Prophylactic use of low molecular-weight heparin (e.g., enoxaparin) is allowed.
History of severe allergic, anaphylactic, or other hypersensitivity reactions to chimeric or humanized antibodies or fusion proteins or allergy to biopharmaceuticals produced in Chinese hamster ovary cells
Known hypersensitivity to any component of the Investigational Medicinal Products (IMPs)
History of autoimmune disease, including but not limited to myasthenia gravis, myositis, autoimmune hepatitis, systemic lupus erythematosus, rheumatoid arthritis, inflammatory bowel disease, vascular thrombosis associated with antiphospholipid syndrome, Wegener's granulomatosis, Sjögren's syndrome, Guillain-Barré syndrome, multiple sclerosis, vasculitis, or glomerulonephritis. The following exceptions are considered:
--Patients with a history of autoimmune-related hypothyroidism on a stable dose of thyroid replacement hormone are eligible for this study.
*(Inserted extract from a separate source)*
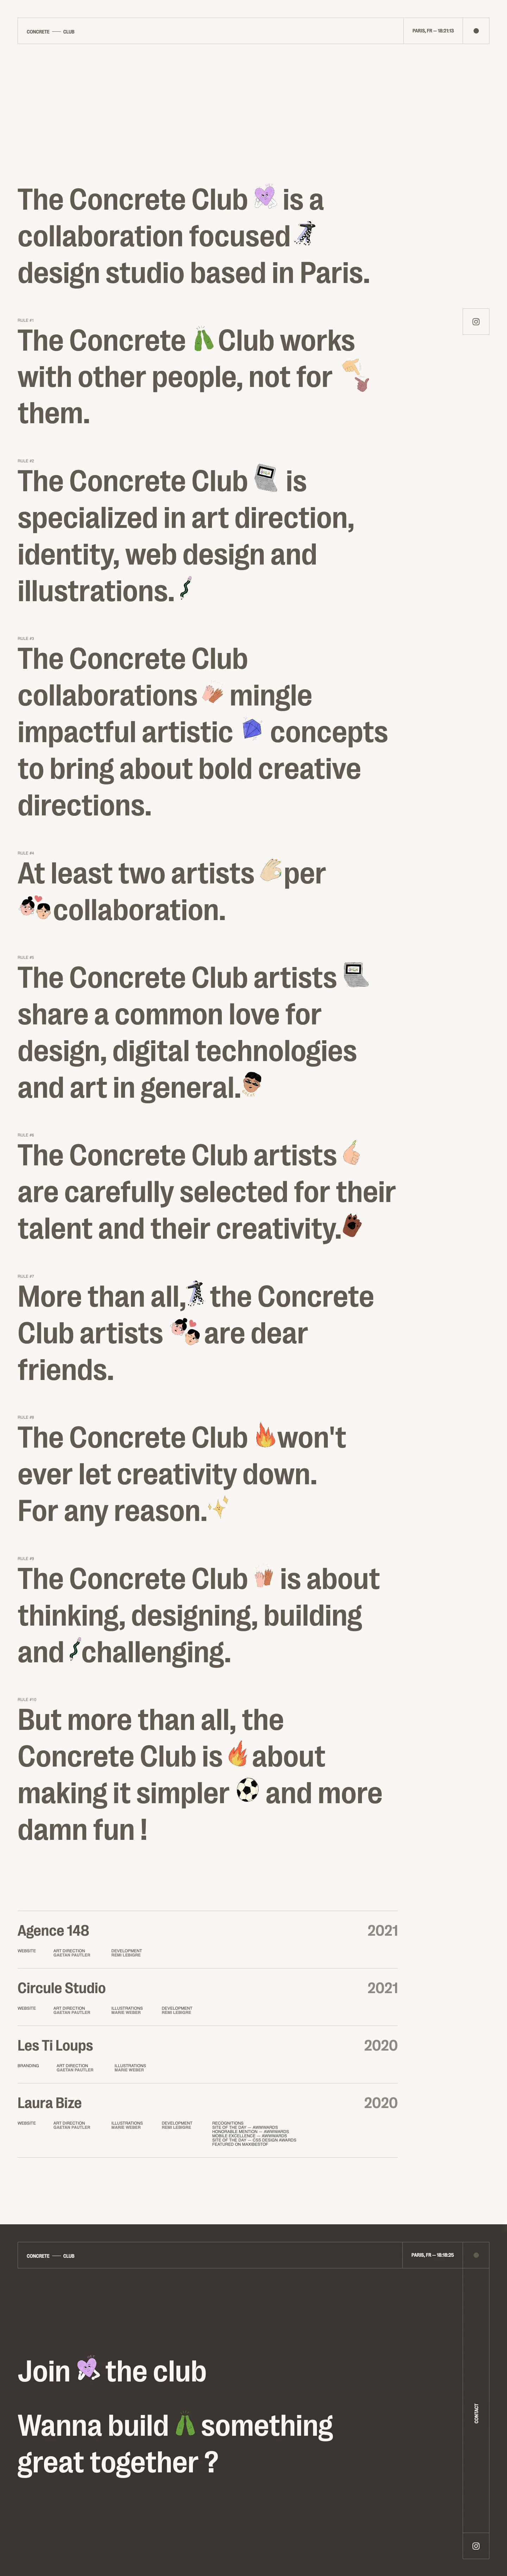 Concrete Club Studio Landing Page Example: The Concrete Club is a collaboration focused design studio based in Paris.

--Patients with controlled Type I diabetes mellitus on a stable insulin regimen are eligible
-History of idiopathic pulmonary fibrosis, organizing pneumonia (e.g., bronchiolitis obliterans), druginduced pneumonitis, idiopathic pneumonitis, or evidence of active pneumonitis on screening chest Computerized Tomography (CT) scan. Exception: history of radiation pneumonitis in previous radiation field (fibrosis) is permitted provided that this area does not undergo current low dose irradiation as part of this protocol.
-Severe infections within 4 weeks prior registration including but not limited to hospitalization for complications of infection, bacteremia, or severe pneumonia
-Signs or symptoms of infection within 2 weeks prior registration
-Received therapeutic oral or IV antibiotics within 2 weeks prior registration. Exception: patients receiving routine antibiotic prophylaxis (e.g., to prevent chronic obstructive pulmonary disease exacerbation or for dental extraction) are eligible.
-Prior allogeneic stem cell or solid organ transplant
-Administration of a live, attenuated vaccine within 4 weeks before registration. Exception: influenza vaccination should be given during influenza season only (approximately October to March). Patients must not receive live, attenuated influenza vaccine within 4 weeks prior registration or at any time during the study.
-Any other diseases, metabolic dysfunction, physical examination finding, or clinical laboratory finding giving reasonable suspicion of a disease or condition that contraindicates the use of an investigational drug or that may affect the interpretation of the results or render the patient at high risk from treatment complications
-- Patients who have received acute, low-dose, systemic immunosuppressant medications (e.g., a one-time dose of dexamethasone for nausea) or physiologic replacement doses (i.e., prednisone 5-7.5 mg/day) for adrenal insufficiency may be enrolled in the study.
--The use of inhaled corticosteroids and mineralocorticoids (e.g., fludrocortisone) is allowed.